In sequential mode (the default), mold loads each component (encoder → transformer → VAE) one at a time, freeing GPU memory between phases. This reduces peak VRAM by 30-50% but adds 10-20% to generation time.

Use --eager to keep all components loaded simultaneously for faster inference on high-VRAM cards. FLUX.1 also supports --offload for block-level CPU↔GPU streaming (~4-5 GB peak, 2-4x slower).

Model Management

bash
mold pull flux2-klein:q8     # Download a model
mold list                    # See what you have
mold info                    # Installation overview
mold info flux-dev:q4        # Model details + disk usage
mold rm dreamshaper-v8       # Remove a model
mold default flux-dev:q4     # Set default model

Name Resolution

Bare names auto-resolve by trying :q8:fp16:bf16:fp8:

bash
mold run flux2-klein "a cat"   # resolves to flux2-klein:q8
mold run sdxl-base "a cat"     # resolves to sdxl-base:fp16

HuggingFace Auth

Some model repos (marked [gated]) require a HuggingFace access token. You may need to accept the model's license on its HuggingFace page before downloading.

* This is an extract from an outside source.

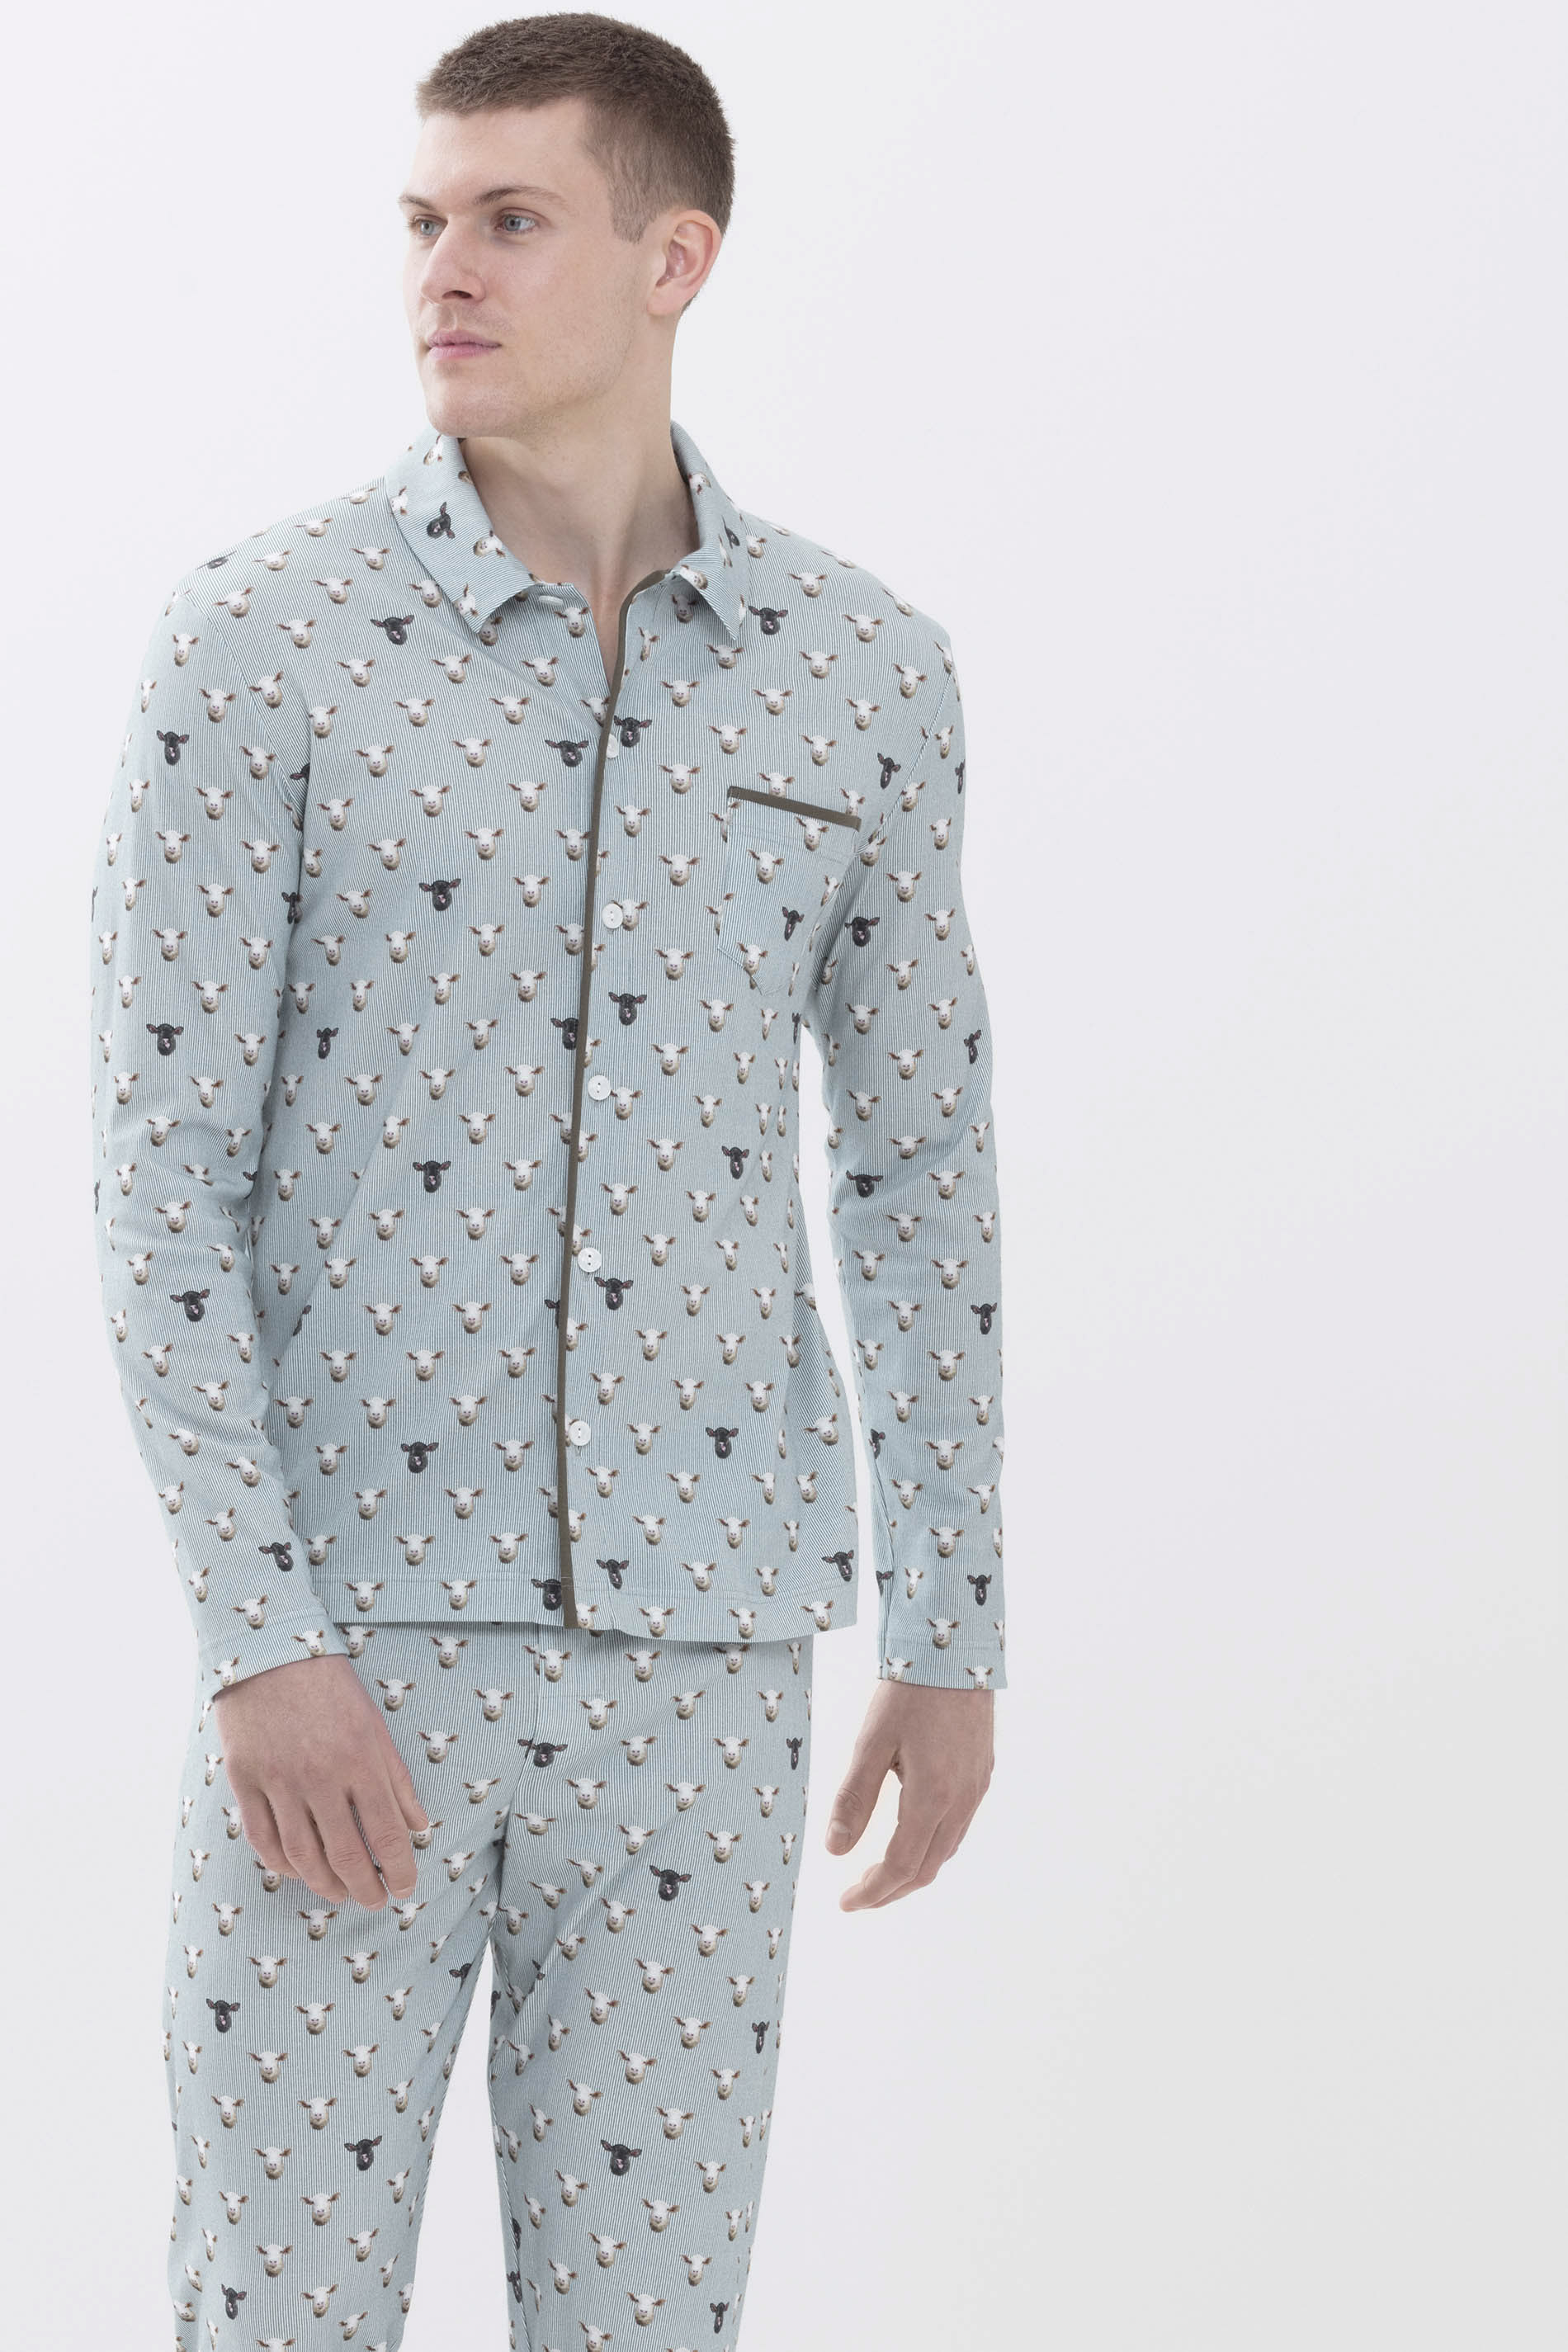 Pyjama shirt Yale Blue Serie RE:THINK BLACK Front View | mey®

Option 1 — Environment variable (simplest):

bash
export HF_TOKEN=hf_...
mold pull flux-dev:q4

Option 2 — HuggingFace CLI (persists the token):

bash
# Install the HF CLI
curl -LsSf https://hf.co/cli/install.sh | bash

# Log in (saves token to ~/.cache/huggingface/)
hf auth login

Once logged in, mold pull picks up the stored token automatically — no HF_TOKEN export needed.

See the HuggingFace CLI docs for more options.

All Families

FamilyNative ResolutionArchitecture
FLUX.21024x1024Qwen3 encoder, 4B transformer
FLUX.11024x1024Flow-matching transformer
SDXL1024x1024Dual-CLIP, UNet
SD 1.5512x512CLIP-L, UNet
SD 3.51024x1024Triple encoder, MMDiT
Z-Image1024x1024Qwen3 encoder, 3D RoPE
Wuerstchen1024x10243-stage cascade, 42x compress
Qwen-Image1328x1328Qwen2.5-VL, flow-matching, CFG
Qwen-Image-EditDerived from first edit imageQwen2.5-VL multimodal edit, flow-matching, CFG
LTX-21216x704Gemma 3, joint audio-video transformer
LTX Video768x512T5-XXL, DiT, 3D causal VAE

Each family page lists recommended dimensions for non-square aspect ratios. Using non-recommended dimensions will trigger a warning.

Backend compatibility

All image families and LTX Video run on CUDA, Apple Metal, and CPU. LTX-2 / LTX-2.3 is CUDA-only for real generation — its CPU path exists for correctness-oriented coverage and can be extremely slow, and Metal is not supported for this family in this release.